For remote focusing with TeamViewer or VNC, SBEMimage offers a focus tool that acquires a 512-pixel × 384-pixel through-focus series on a specified tile or overview image (Figure 4A). The user can then choose the optimal focus setting from this image series. Optimal X/Y stigmation settings are chosen with the same procedure. For refinement, the cycle can be repeated. This focus tool offers two advantages: (1) It can be used remotely (when no adjustment knobs and no access to the EM server PC are available) and even at slow connection speeds of the remote desktop software; (2) The procedure minimizes the electron dose, at least in case of small focus corrections, since each image series is acquired only once, whereas manual refocusing with the microscope software relies on continuous scanning. The focus tool can also be used to set working distances for individual tiles, which is needed for setting up an adaptive focus for tilted surfaces. A slight tilt of the 3View knife is usually unavoidable, which for very large distances across the sample surface can lead to a difference in working distance: One part of the region of interest may be well focused, but a more distant part will be out of focus. This also typically occurs when mounting a sample in the 3View holder that will not be cut. Any initial tilt of the surface will thus not be physically corrected by the blade. For these cases, SBEMimage offers a gradient correction mechanism (Figure 4B). To correct the focus during an acquisition, two autofocus methods are implemented in SBEMimage: Method (1) uses the built-in SmartSEM autofocus/stigmator, which is called in regular intervals, as specified by the user. The user can choose the reference position(s) where the focus/stigmation procedure should be performed, and decide if both autofocus and autostigmation are to be performed on the same slice or a specified number of slices spaced apart to minimize beam exposure. Method (2) uses a continuous heuristic autofocus procedure based on autocorrelation.

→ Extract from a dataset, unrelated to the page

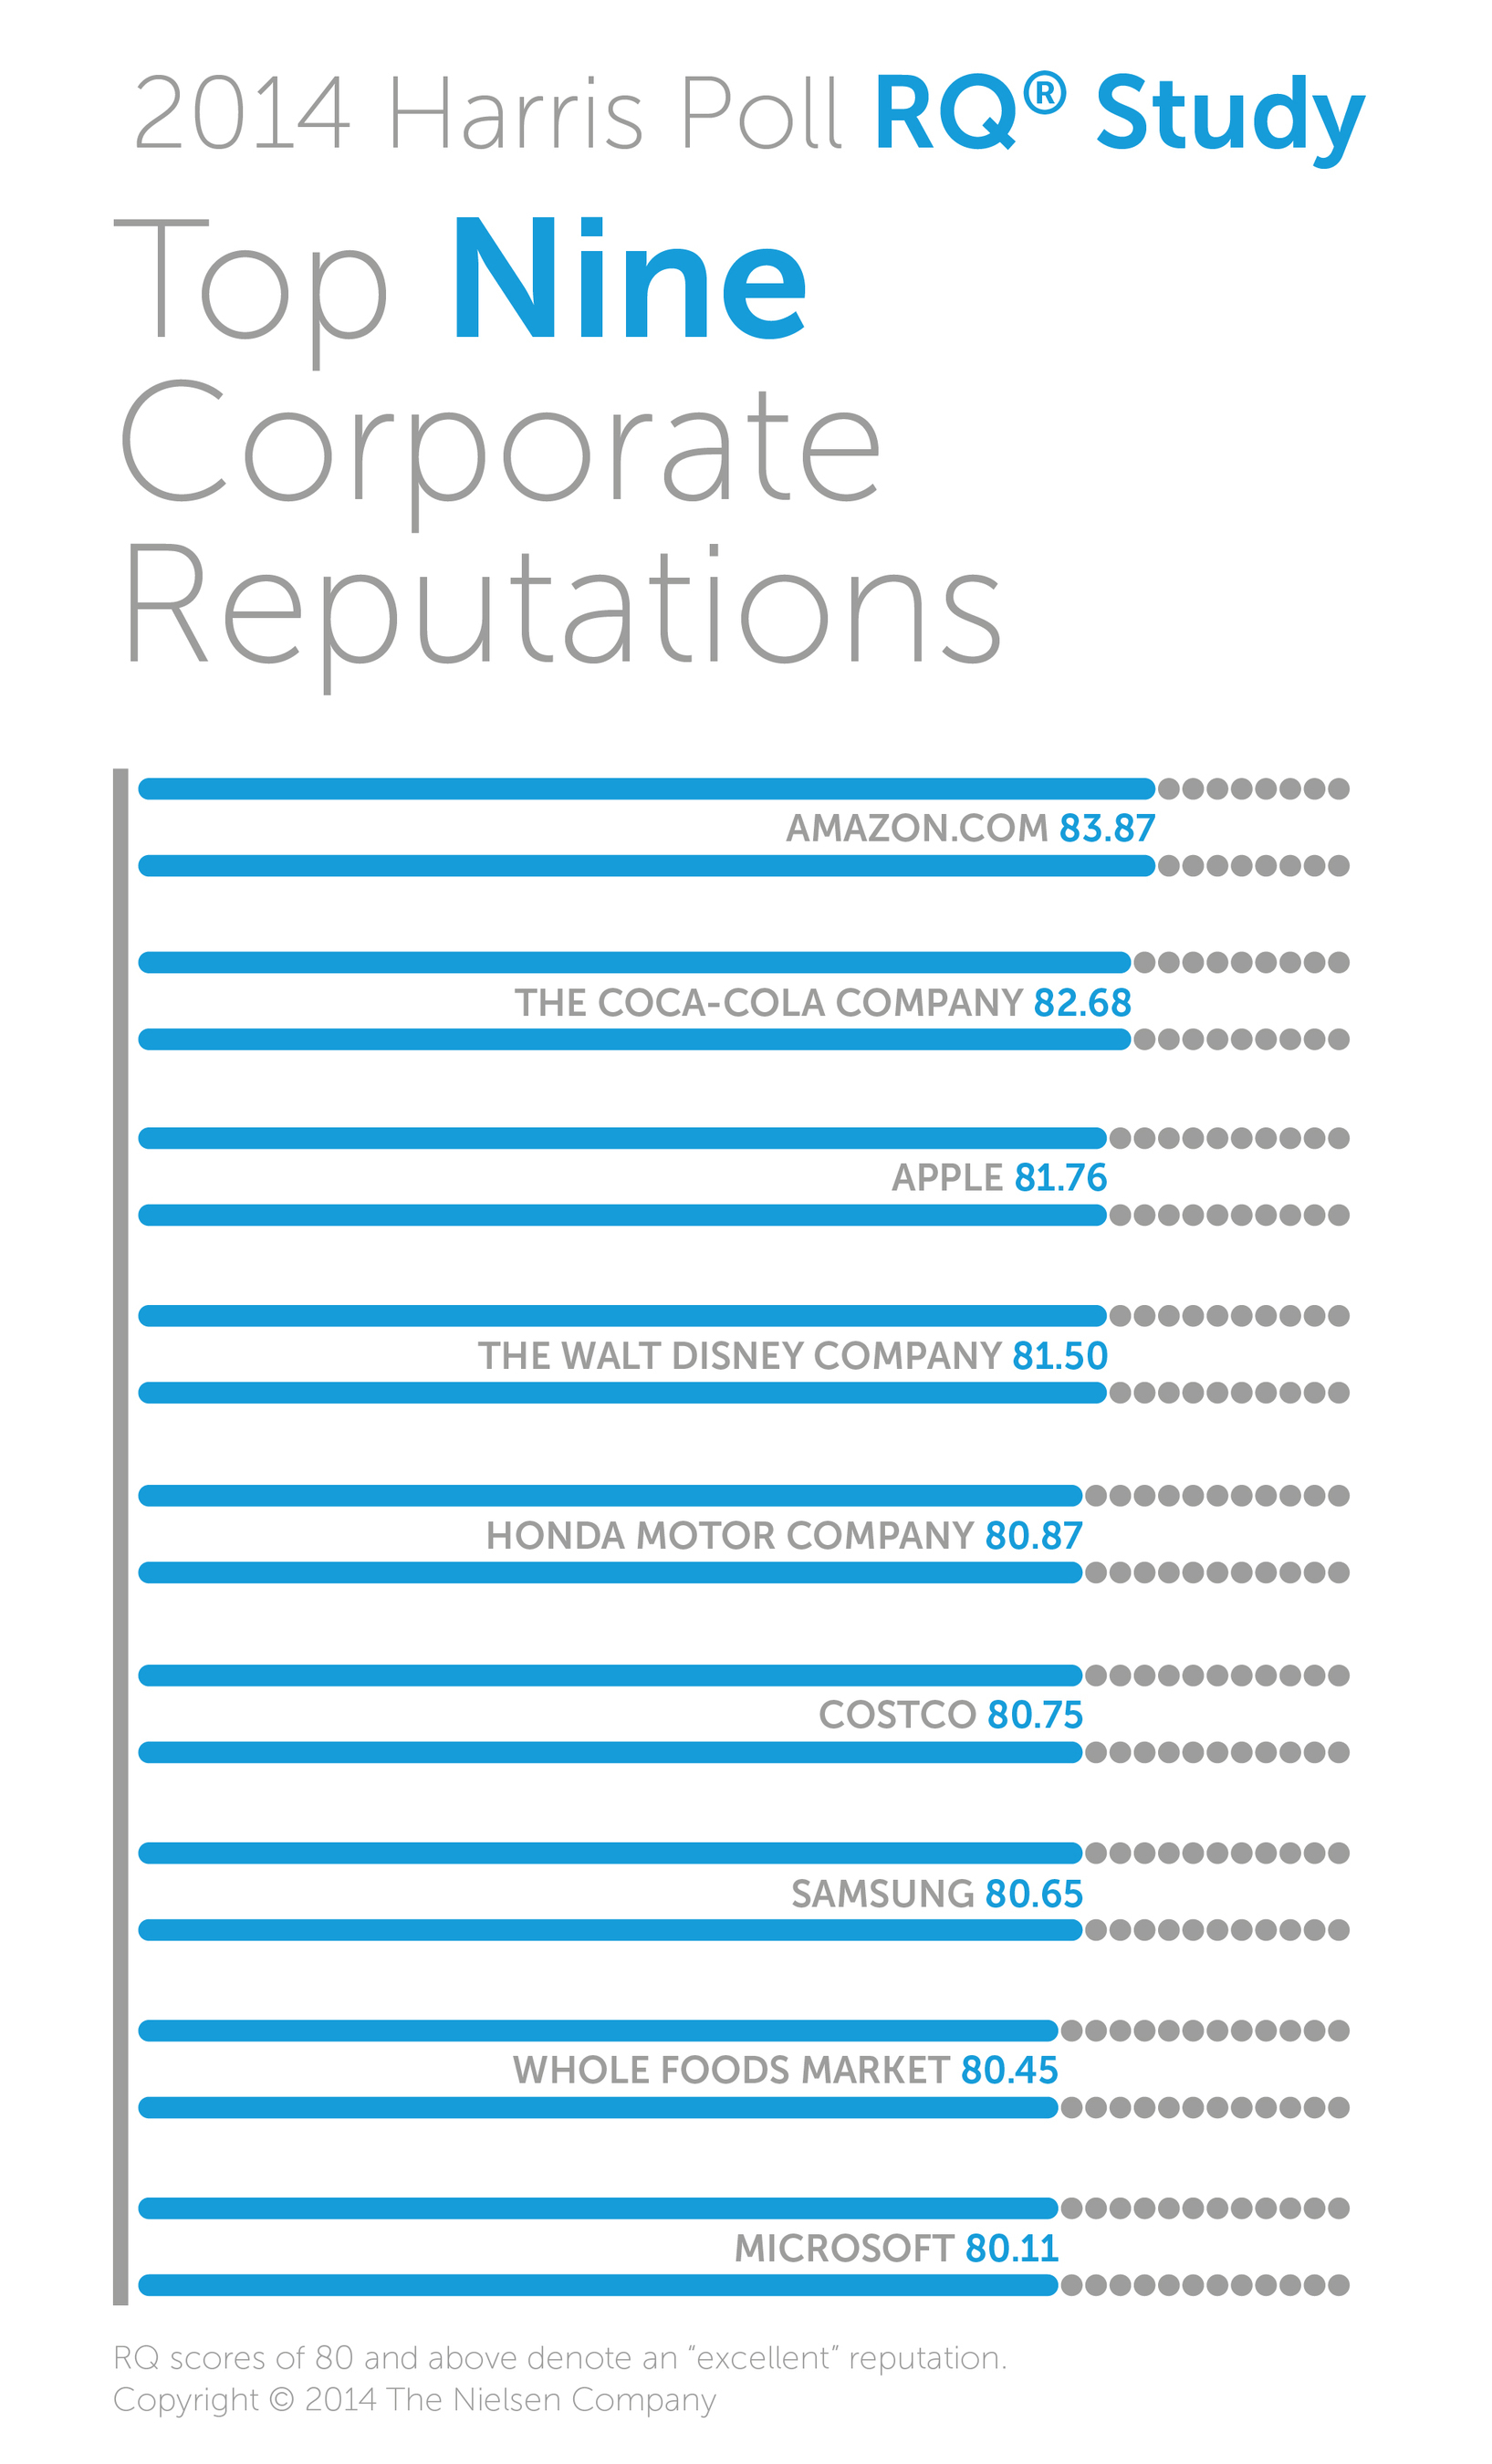 2014 Harris Poll RQ(R) Study: Top Nine Corporate Reputations. (PRNewsFoto/Harris Poll)

The algorithm works on tiles that have already been acquired and applies corrections continuously. This approach was first used in Briggman et al. (2011) and is described in appendix A of Binding et al. (2013).

FIGURE 4

FIGURE 4. (A) The focus tool (the second tab in the main controls window) allows the user to remotely focus individual tiles or overview images and adjust the stigmator settings. A brief explanation is provided in the main text. (B) For imaging tilted surfaces, SBEMimage offers a focus gradient correction feature. When the optimal focus for three tiles on a given grid is specified (see drawing in the dialog window), SBEMimage computes the gradient and adjusts the focus (working distance) automatically for every tile in the grid. In the viewport, the different working distances for each tile are displayed below the tile number.

Adaptive Tile Selection

Within each grid, tiles can be selected as “active,” or deselected, with single mouse clicks. Only active tiles are acquired. Deselecting tiles outside the region of interest therefore makes imaging non-rectangular regions of interest more efficient (Figure 5A). When debris detection is used, SBEMimage can automatically adjust the detection region to cover only the region of the overview image that contains active tiles. The active tile pattern can be adjusted by the user while an acquisition is running. Grids can be shifted when the acquisition is paused. When an error occurs or the user pauses the acquisition, SBEMimage remembers which tiles on the current slice have already been acquired and will resume the acquisition at the correct position in the grid.

FIGURE 5

FIGURE 5. A whole Platynereis dumerilii, late nectochaete stage (6 days post-fertilization), acquired with SBEMimage. Imaged with a ZEISS Merlin SEM at 1.8 keV landing energy, 270 pA beam current, and 0.8 μs dwell time. 11,416 slices with >200,000 image tiles at 10 nm × 10 nm × 25 nm voxel size. Platynereis were provided by H. Martínez and D. Arendt, EMBL, Heidelberg. Sample preparation by P. Machado and Y. Schwab, EMBL, Heidelberg. Alignment: A. Wanner. Silver epoxy embedding was used to reduce charging, as described in Wanner et al. (2016b). (A) Stitched mosaic, slice 6298. The corresponding tile pattern is shown in the upper left corner. Adaptive tile selection was used throughout the stack acquisition to efficiently capture the irregular shape of the worm along its (tilted) anterior-posterior axis. (B) The worm’s 3D shape, as reconstructed from the EM dataset. Segmentation and 3D rendering: www.ariadne.ai.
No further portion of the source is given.